I can’t count the many times I’ve fallen flat on my face with disappointment. A failing on my part or someone else’s. The hurt from a broken relationship. Misunderstandings, conundrums, and hasty words. I have been broken to the core, but not today. No, I fell in love for real this time.
It first happened that time when I was four. After the puppet show they asked all the kids who wanted Jesus to live inside of their heart to come up and I went. I didn’t really know exactly what it meant back then but I felt it as much as I could feel. I knew it was a love that would last forever.
Many years have come and gone since then and in turn, several disappointments have slashed my heart.
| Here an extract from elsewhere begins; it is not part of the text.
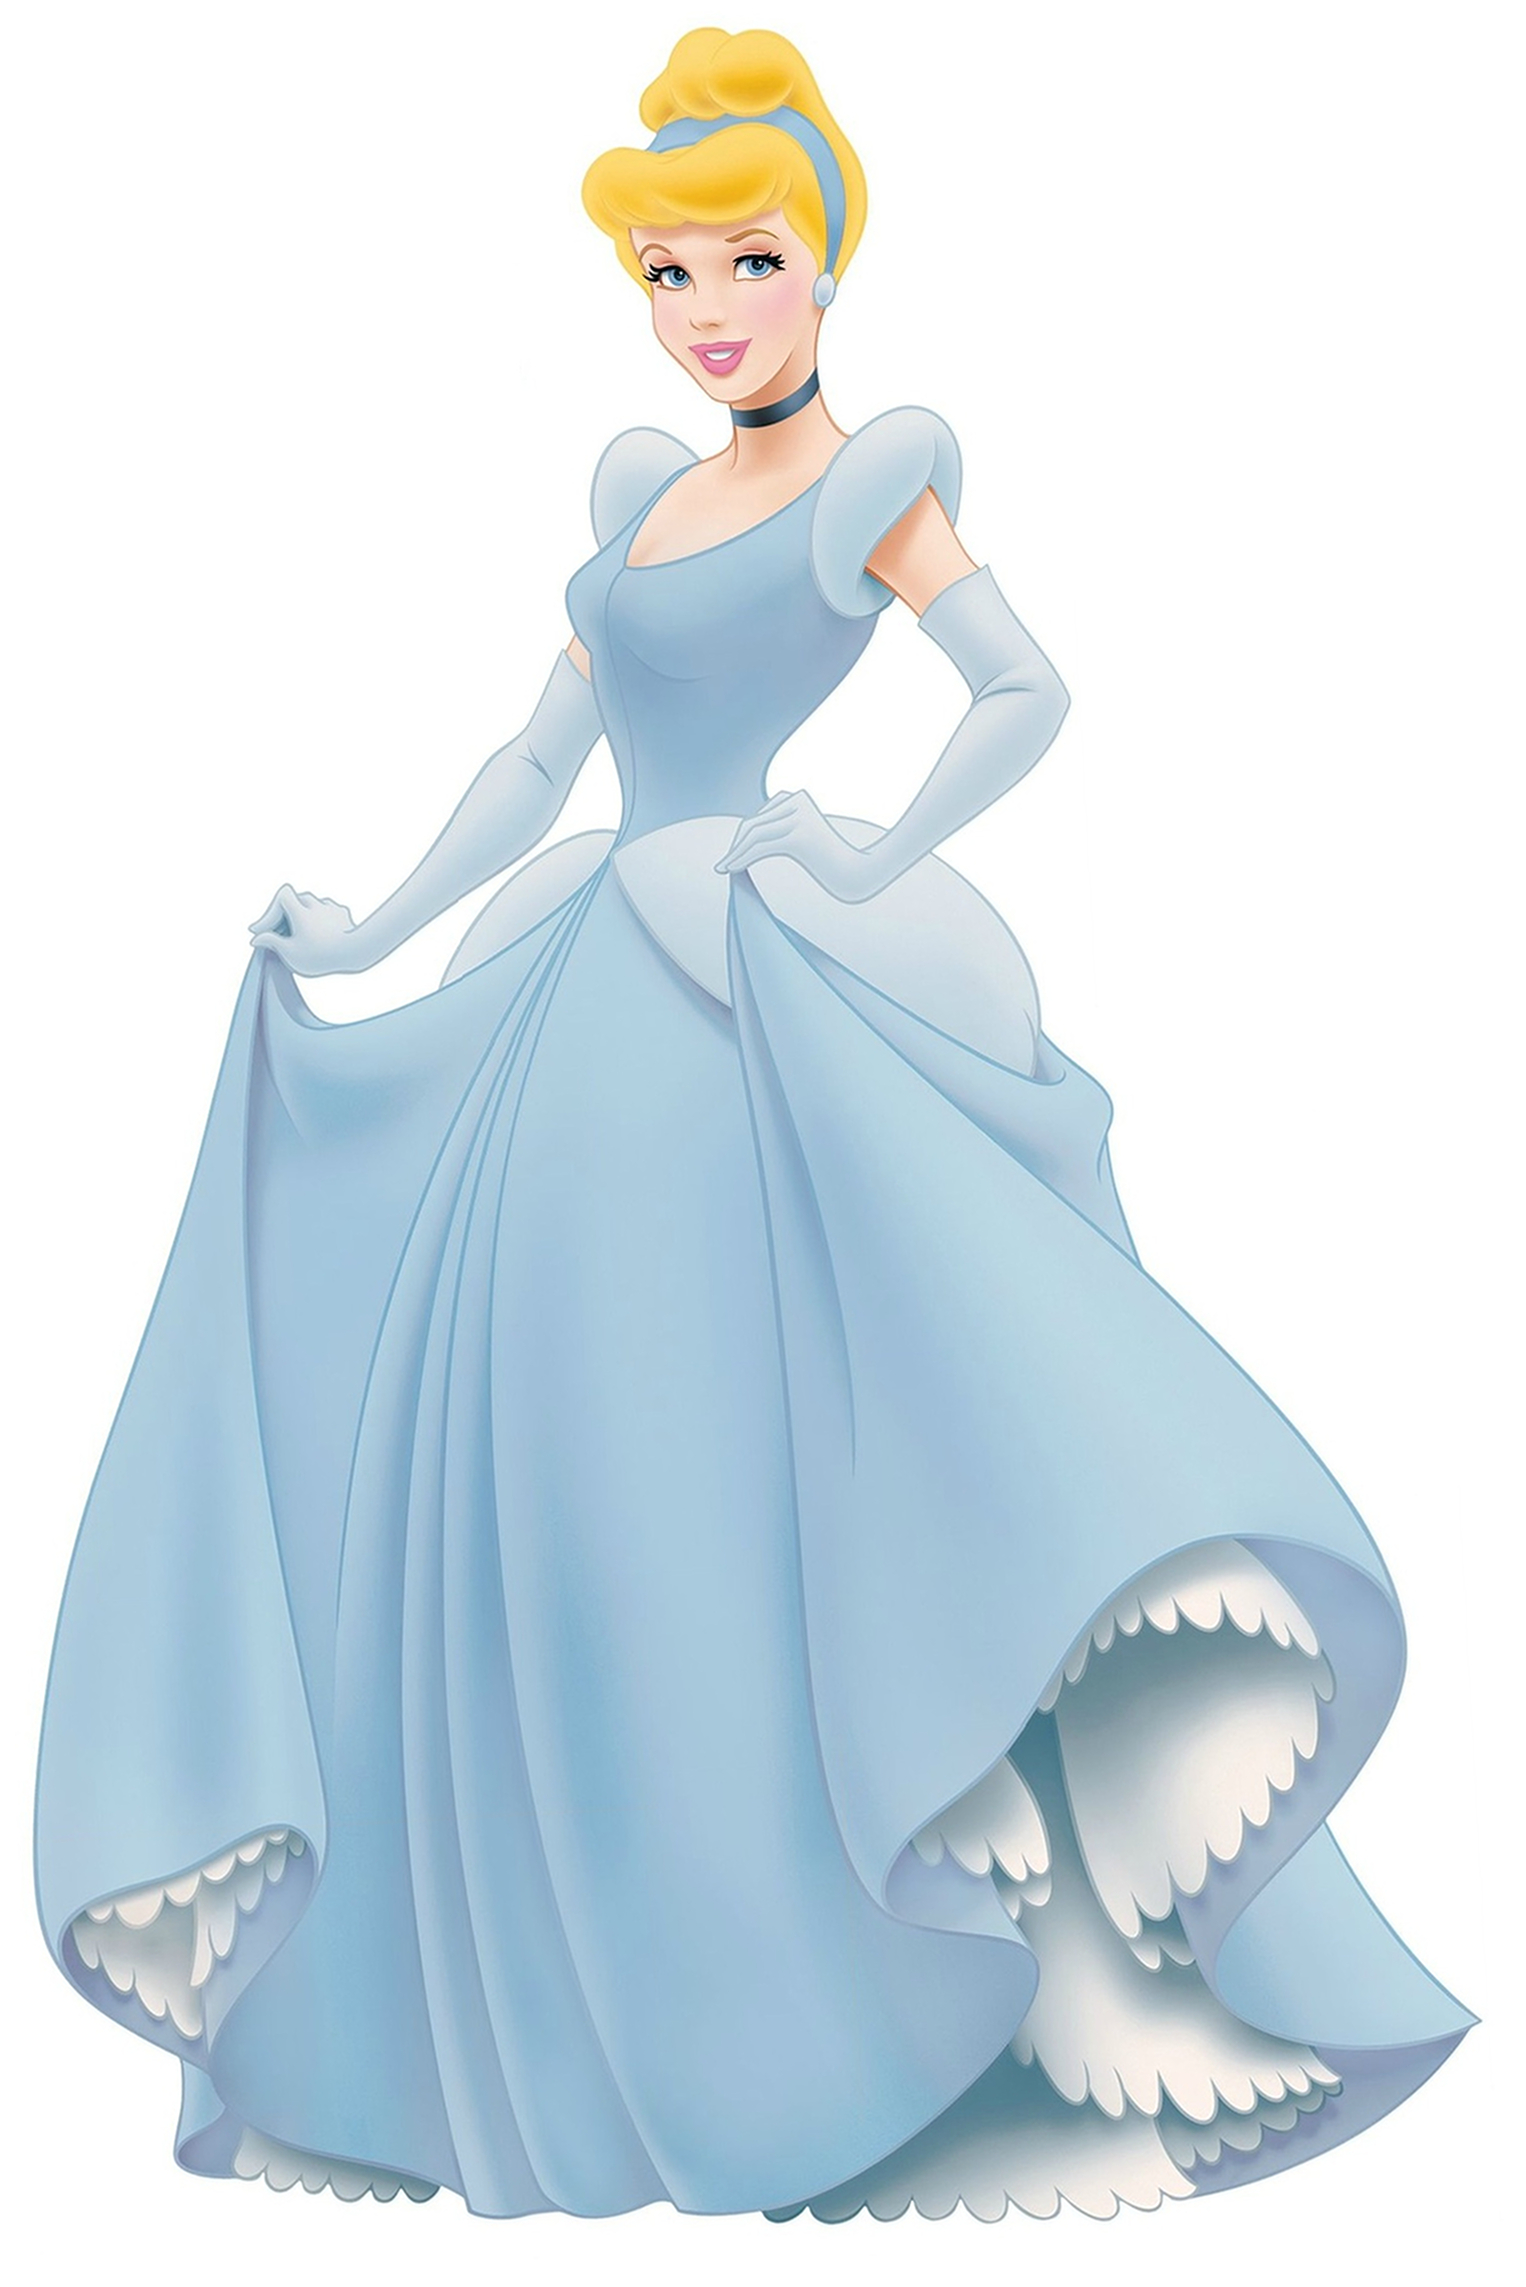 Princess Cinderella   Disney Princess Photo  31871328    Fanpop

Dreams I had that never came true. People and pets I wanted who left my life. Things that I thought I needed that really weren’t for me. Friends who hurt, betrayed, and lied. It’s a broken mess, ending as I speak.
But its in these moments that I remember the day so long ago when I gave my life to the love that lasts forever. And I believe and trust in Him all over again. He comes to me, wherever I am, and holds me close. There is no forgetting or fighting or betrayal with Him. His love is perfect and so is my need for it.
So tonight, I am not broken or sad or angry. Instead I am filled through the life of something greater. The hurt and the scorn and the tears don’t matter. The loves that I have loved in days gone by are truly gone. My eyes are focused on the One who deserves all attention, love, and praise. I am stepping closer to a relationship of true affection and desire and leaving the broken past. I am in love forever this time.